Relative Frequency Distribution
A proportion from 0 to 1.0 that describes the portion of data in each interval. It is often easier to list the relative frequency of scores because a list with very large frequencies in each interval can be more confusing to read. RF= observed frequency/ total frequency count or (N) IE: Table 2.9 (p. 39) 2/45= 0.04 5/45= 0.11 11/45= 0.2 The sum of the relative frequencies across all intervals should add up to be 1.00
Grouped Data
A set of scores distributed into intervals, where the frequency of each score can fall into any given interval.
Real Range
One more than the difference between the largest and smallest number in a list of data. IE: in table 2.1 (p.32) the smallest value is 0 and the largest value is 175. 175-0= 175 175+1= 176 Therefore, 176 is the real range.

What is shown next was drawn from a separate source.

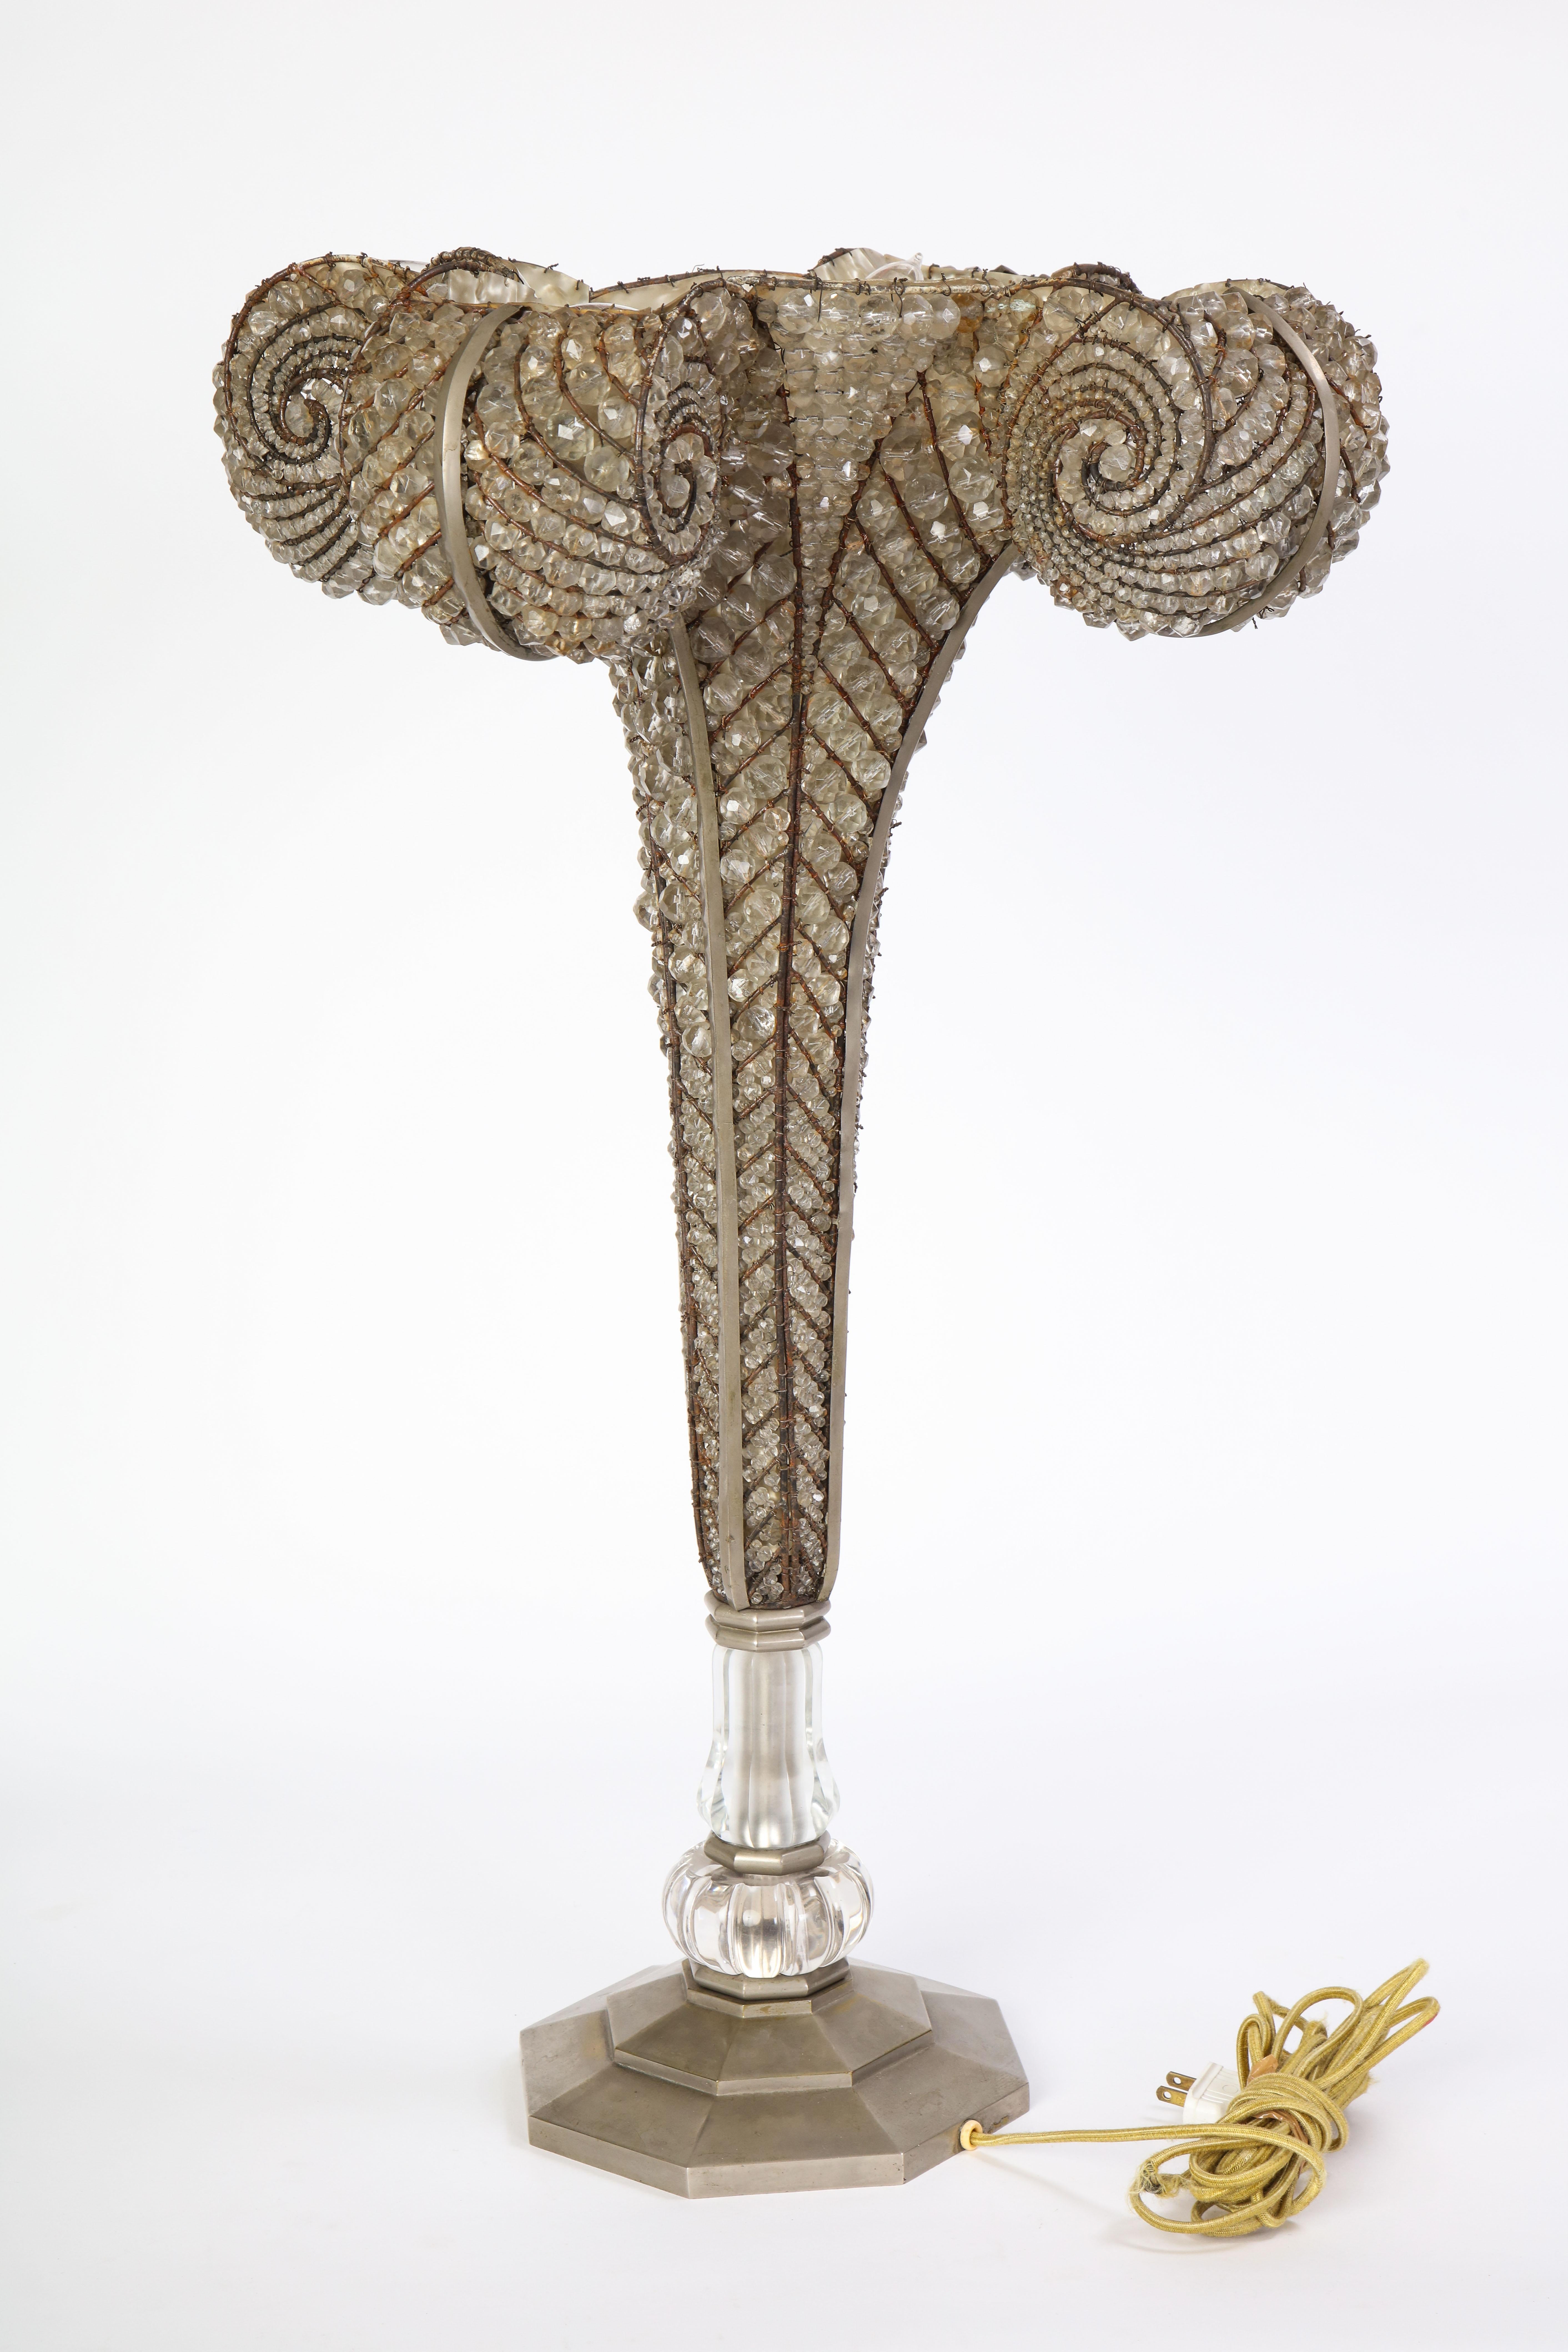 French Beaded Glass Table Lamp, Attributed To Maison Bagues, Circa 1925 For Sale 10

Rules for Creating a Simple Frequency Distribution
1. Each interval is defined (it has a lower and upper boundary). Intervals such as "or more" or "less than" should not be expressed. 2. Each interval is equidistant (the interval width is the same for each interval). 3. No interval overlaps (the same score cannot occur in more than one interval). 4. All values are rounded to the same degree of accuracy measured in the original data (or to the ones place for the data listed in table 2.1 (p. 32)).

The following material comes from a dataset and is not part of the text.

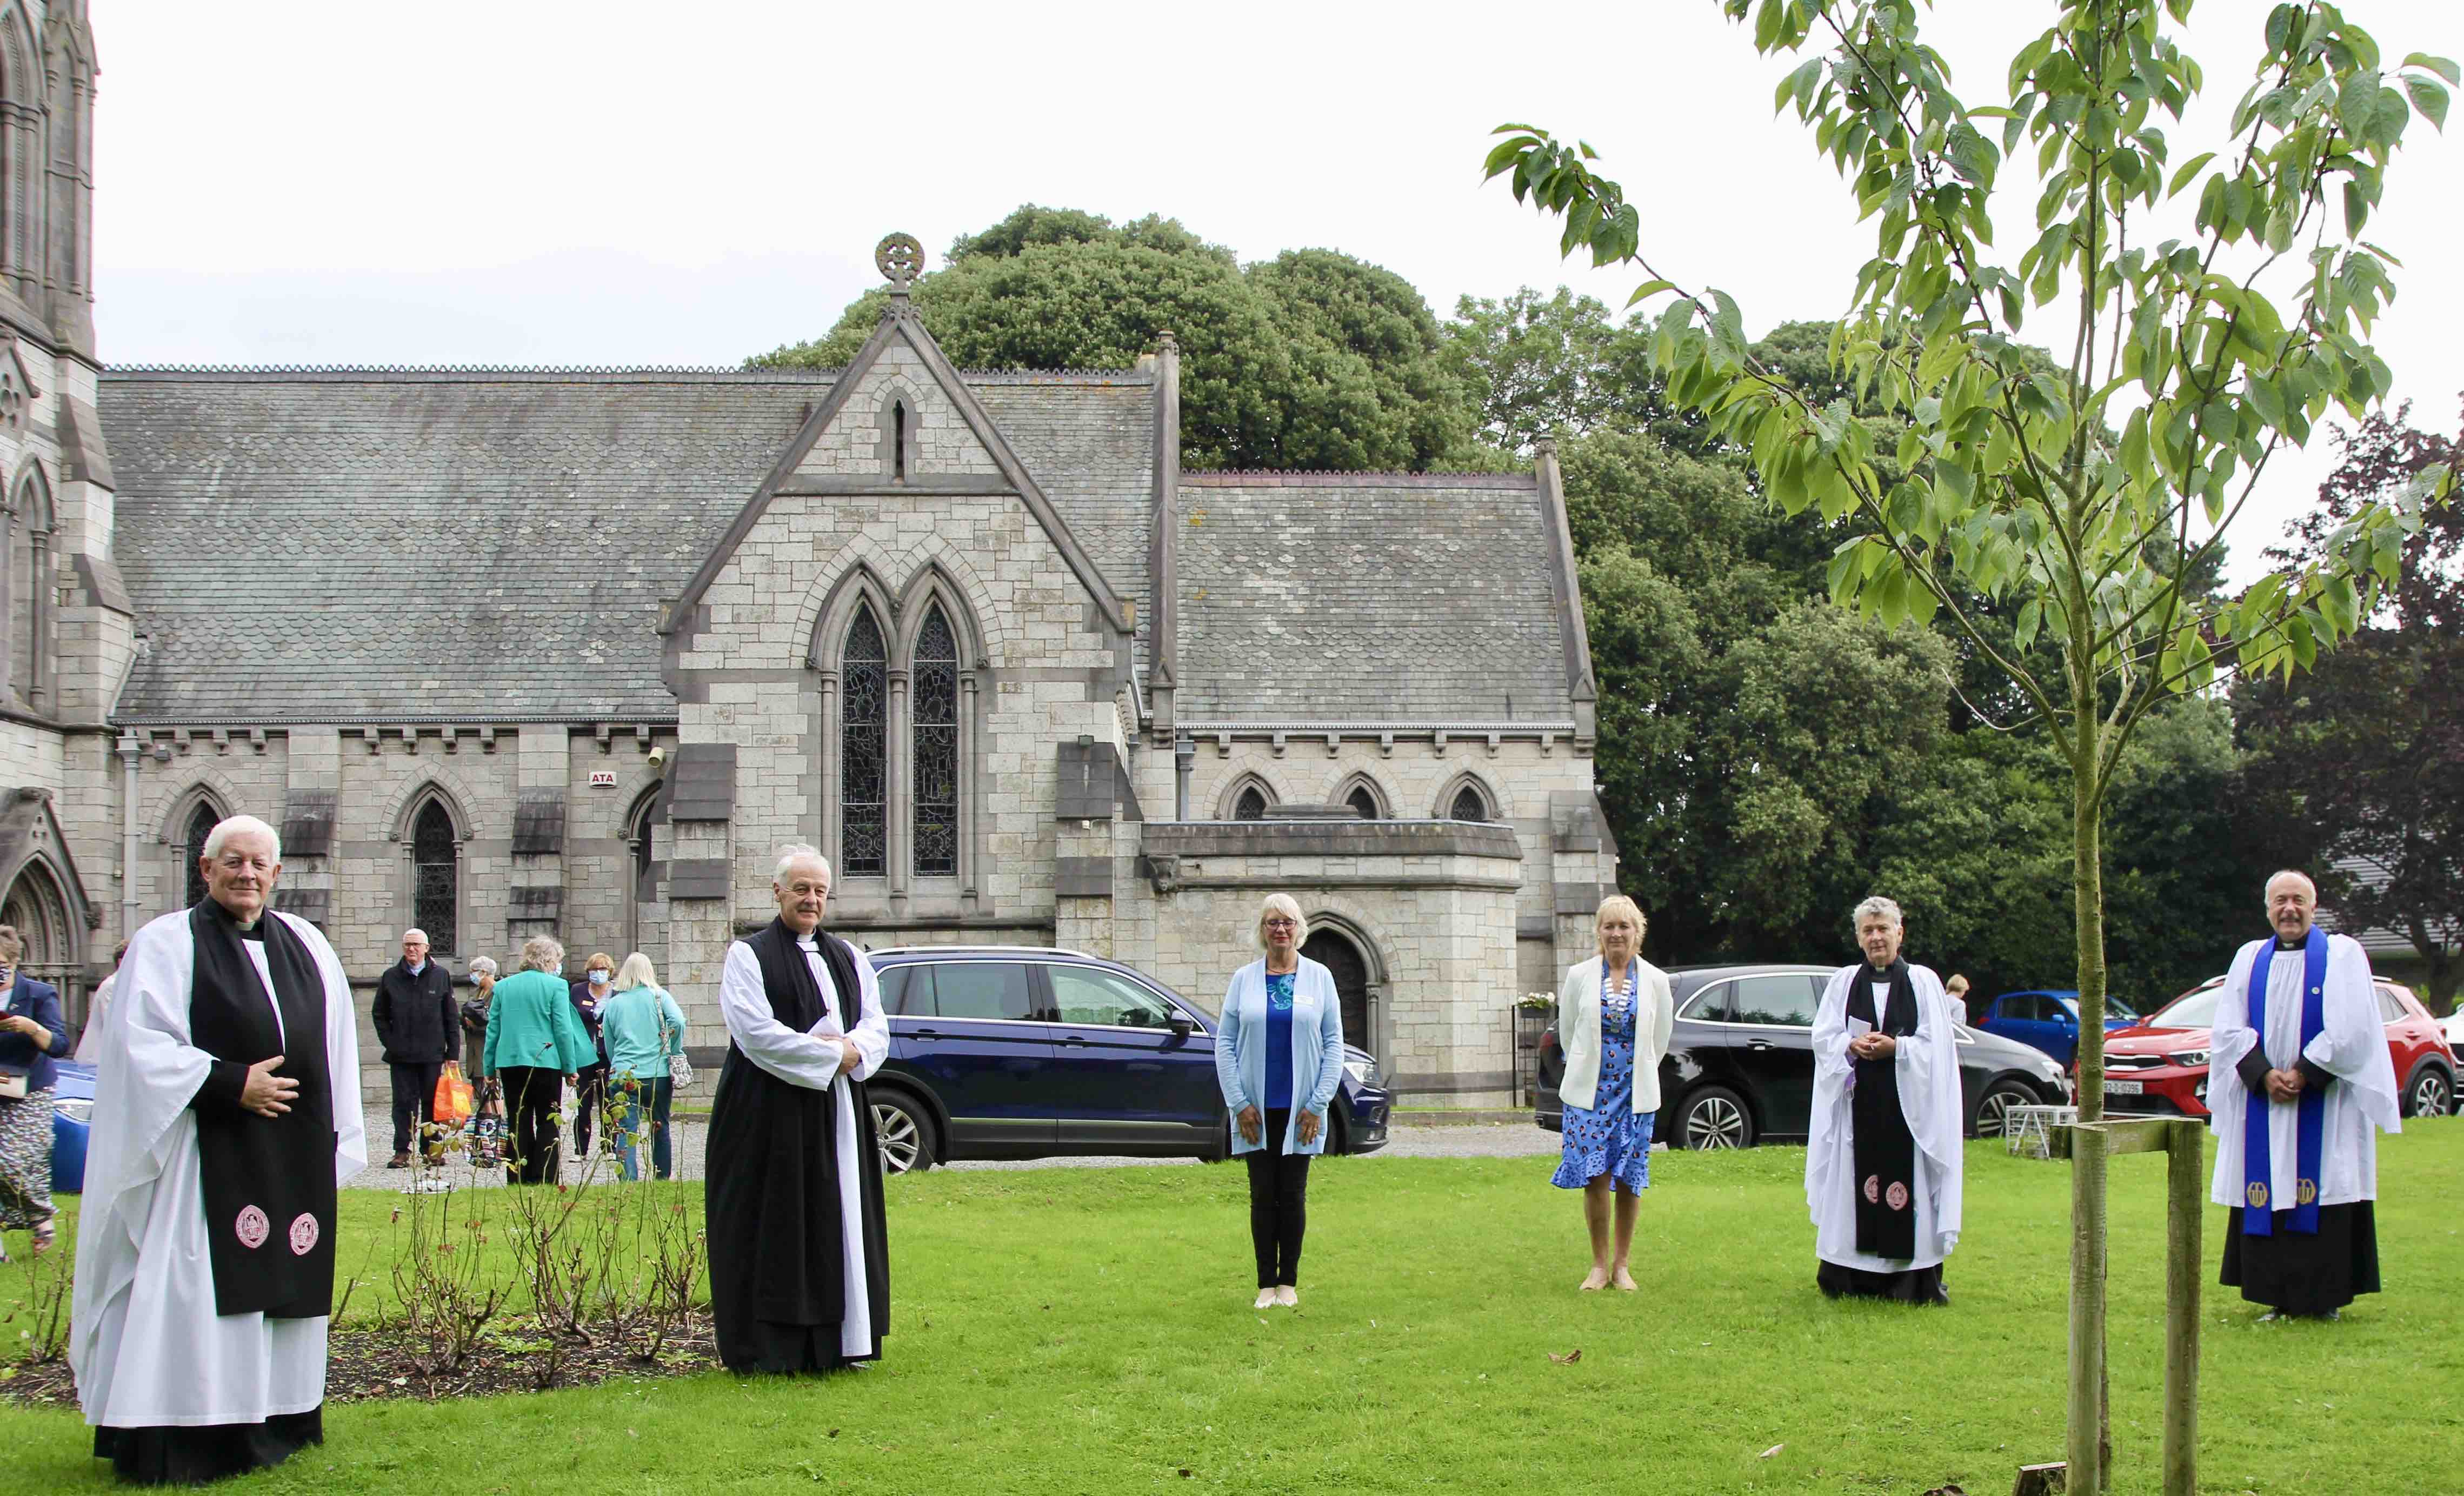 At the tree planted to commemorate the foundation of Mothers' Union in Ireland in Raheny are Canon Robert Deane, Archbishop Michael Jackson, June Butler, Karen Nelson, Canon Aisling Shine and Canon Leonard Ruddock.

Relative Percent Distribution
A common way to summarize relative frequency is to convert it to a relative percent because it tends to be easier to read at a glance. RP= observed frequency/ total frequency X 100
Interval
A discrete range of values within which the frequency of a subset of scores is contained.
Ogive
A dot-and-line graph used to summarize the cumulative percent of continuous data at the upper boundary of each interval.
Frequency Polygon
A dot-and-line graph used to summarize the frequency of continuous data at the midpoint of each interval.
Pie Chart
A graphical display in the shape of a circle that is used to summarize relative percent of discrete and categorical data into sectors. You can think of pie charts as slices or pieces of data. To construct, we simply distribute data as relative percents.
Histogram
A graphical display used to summarize the frequency of continuous data that are distributed in numeric intervals. It is similar to a Bar Chart, but a histogram groups numbers into ranges. And you decide what ranges to use! To construct a histogram, follow three rules: Rule 1: A vertical rectangle represents each interval, and the height of the rectangle equals the frequency recorded for each interval. Rule 2: The base of each rectangle begins at the upper and lower boundaries of each interval. Rule 3: Each rectangle touches adjacent rectangles at the boundaries of each interval.
Proportion
A part of a portion of all measured data. The sum of all proportions for a distribution of scores is 1.0
Stem-and-leaf Plot
A special table where each data value is split into a "stem" (the first digit or digits) and a "leaf" (usually the last digit). A graphical display where each individual score from an original set of data is listed. The data are organized such that the common digits shared by all scores are listed to the left (in the stem), with the remaining digits for each score listed to the right (in the leaf).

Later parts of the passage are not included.